NDDs are associated with cellular dysfunctions of principal CNS cells including neurons, microglia, oligodendrocytes, and astrocytes. Neuronal damage includes dendritic and axonal loss, and reduced neurotrophin secretion. Microglial activation occurs during brain injury and resultant proinflammatory cytokines induce neuroinflammation along with microgliosis due to extravasation of peripheral monocytes. Oligodendrocyte dysfunctions include demyelination and oligodendropathy, i.e. death of oligodendrocytes. During injury, astrocytes contribute to excitotoxicity, and neuroinflammation by reduced glutamate uptake and increased release of proinflammatory cytokines, respectively. They likely undergo oxidative stress, mitochondrial dysfunction, calcium dysregulation, attenuated neurotrophin production and astrogliosis. Additionally, altered BBB permeability can increase neuroinflammation and contribute to disease.
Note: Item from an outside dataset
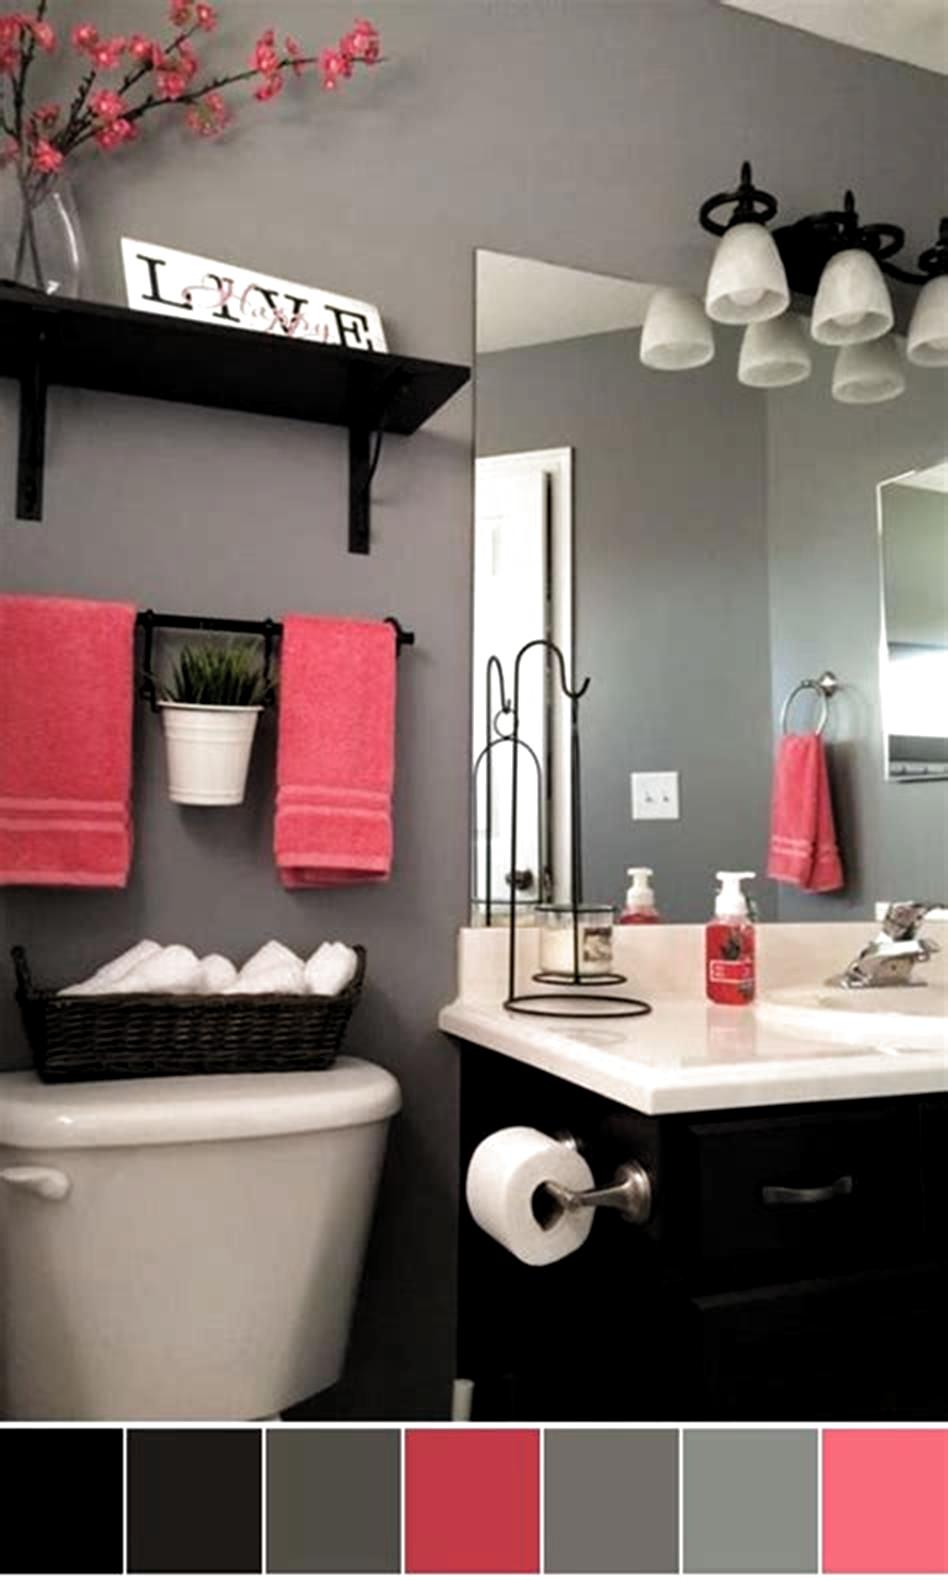 40 Best Color Schemes Bathroom Decorating Ideas On A Budget 2019 30 In 2020 Bathroom Color Schemes Gray Bathroom Decor Best Bathroom Colors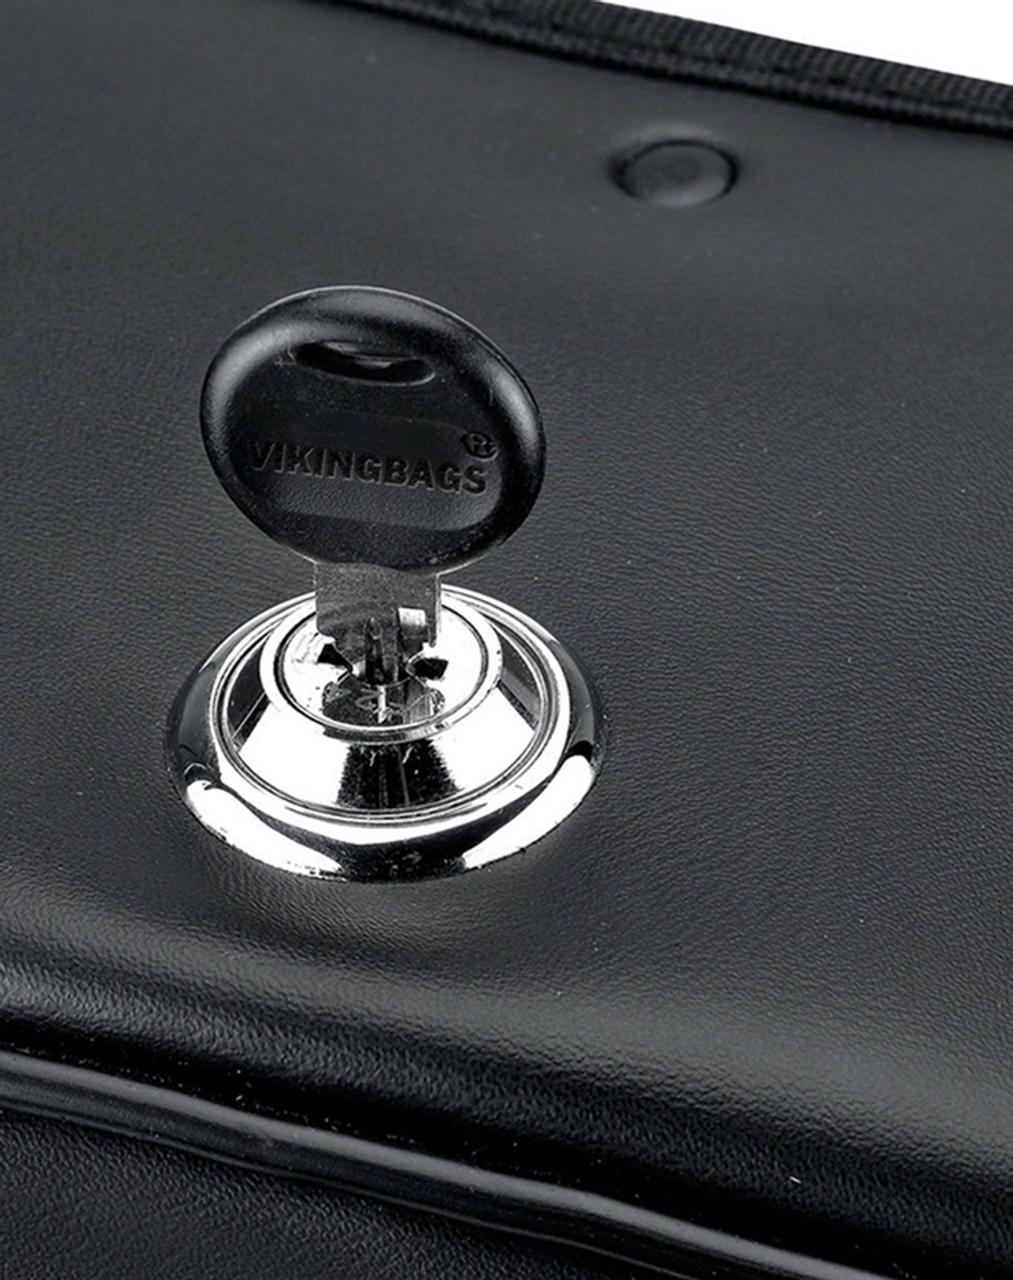 Triumph Thunderbird Warrior Series Motorcycle Saddlebags Key Lock View

These mechanisms precede or succeed neurodegeneration and overlap in diseases such as Alzheimer’s disease (AD) [A1(Uylings and De Brabander, 2002), A2 (Wake et al., 2013), A3 (Wyss-Coray and Rogers, 2012), A4 (Alberdi et al., 2013), A5 (Fuller et al., 2009), A6 (Allen and Barres, 2009)], Amyotrophic lateral sclerosis (ALS) [B1 (Evans et al., 2013), B2 (Manfredi and Xu, 2005), B3 (Grosskreutz et al., 2010)], HIV-associated neurocognitive disorders (HAND) [C1 (Lu et al., 2011), C2 (Cisneros and Ghorpade, 2012), C3 (Persidsky et al., 2000), C4 (Steiner et al., 2006), C5 (Vartak-Sharma et al., 2014)], Huntington’s disease (HD) [D1 (Wang et al., 2013), D2 (Giralt et al., 2010), D3 (Fan and Raymond, 2007)], Multiple Sclerosis (MS) [E1 (Franklin and Kotter, 2008), E2 (Popescu and Lucchinetti, 2012)], Parkinson’s disease (PD) [F1 (Van Spronsen and Hoogenraad, 2010), F2 (Hu et al., 2008), F3 (Zinger et al., 2011), F4 (Niranjan, 2014), F5 (Drinkut et al., 2012), F6 (Ambrosi et al., 2014)], and stroke [G1 (Ceulemans et al., 2010), G2 (Xia et al., 2004), G3 (Lai et al., 2014)].